Methods: DNA sequencing

It is easy and routine to determine the sequence of a stretch of DNA hundreds of nucleotides long.

History of DNA sequencing:

1. Maxim and Gilbert: 1977 It uses differential chemical reactivity of the baes with various 'reagents' to selectively induce strand cleavage. These fragments were then run on a PAGE Gel. The lanes were usually A A+T G C+G. These special reagens were such that they cleaved before a adenine, before either a adenine or a thymine, before a guanine or before a cytosine or guanine. As youc an see this is quite tedious and requires large amounts of DNA.

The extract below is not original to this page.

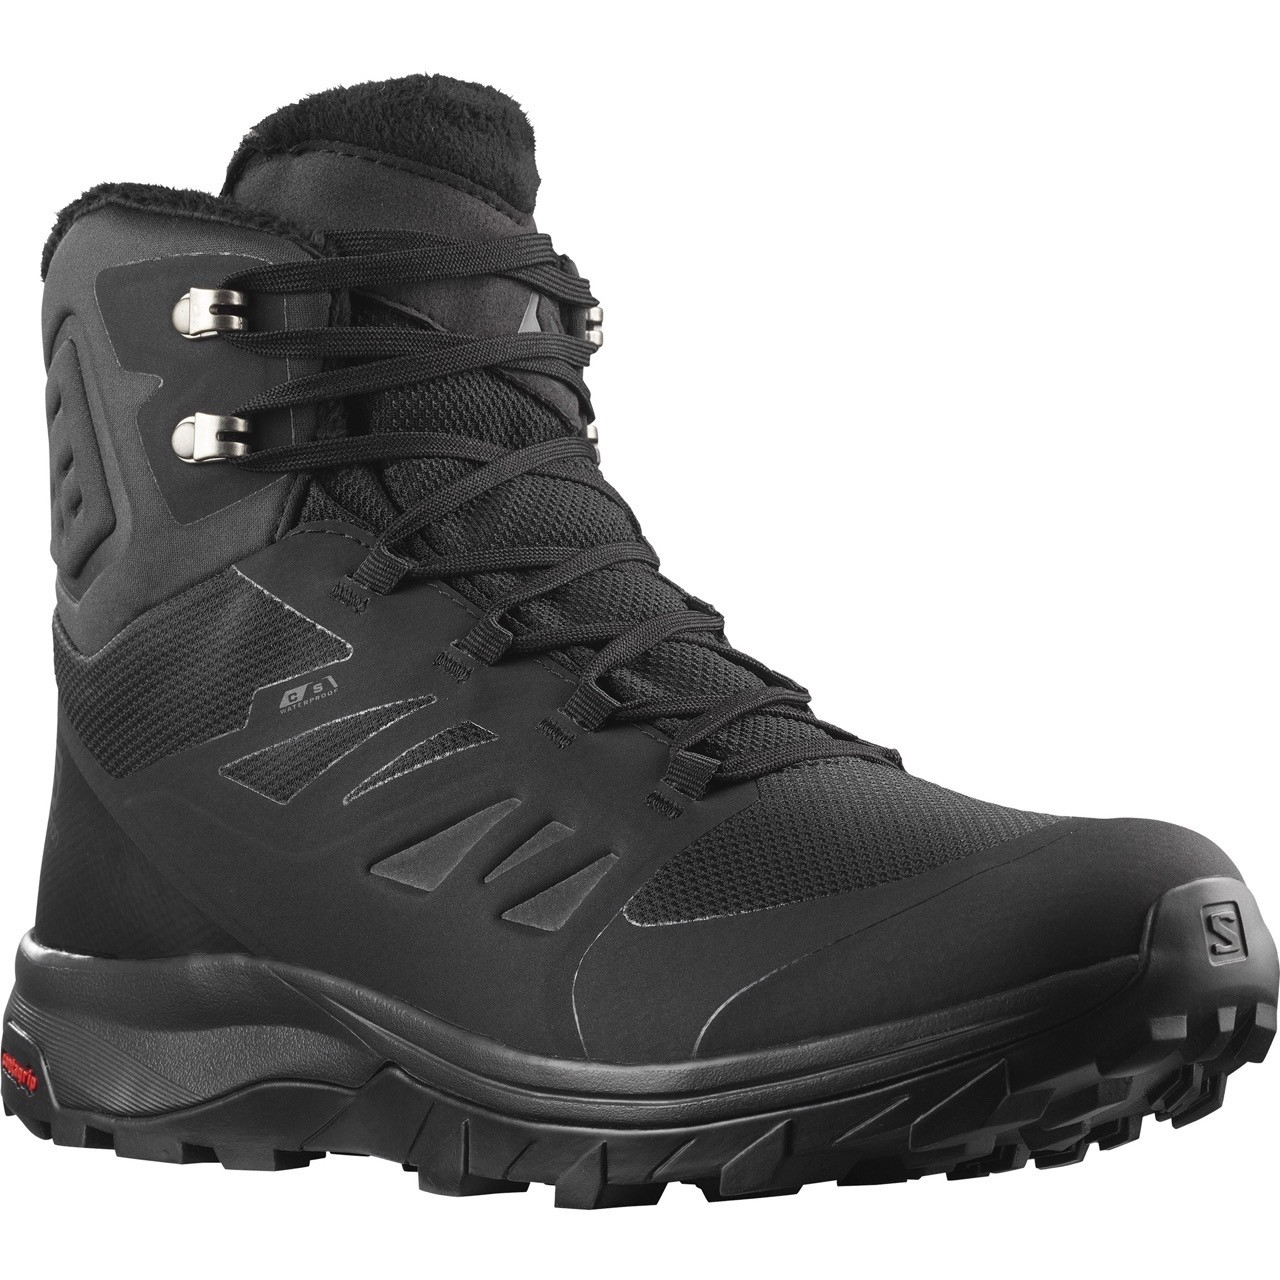 Salomon Men's Winter Hiking Boots

2. Sanger Sequencing- His method uses an enzymatic reaction to sequence DNA. An oligonucleotide primer is extended by a DNA polymerase in the presence of each of the four nucleoside triphosphates and a low concentration of one dideoxy nucleoside triphosphate. The polymerase produces a new chain complementary to one strand of the DNA, but each time the polymerase reaches a base complementary to the one for which a dideoxy nucleotide is present, there is a chance that a dideoxy nucleotide will be incorporated. Although it is readily incorporated, the dideoxy nucleotide is a chain terminator (it does not have a 3’OH, which is required for subsequent extension of the chain). Four reactions are performed, one with each dideoxy nucleotide and the results shown on a denaturing PAGE GEL.

3. Automation- Currently automated DNA sequencing is used where fluorescent dyes are used to generate four distinct signals. Instead of four separate reactions like the Sanger, all the reactions are run at the same time, this is rather quick and able to sequence a 100-500 nucleotide sequence in a few minutes.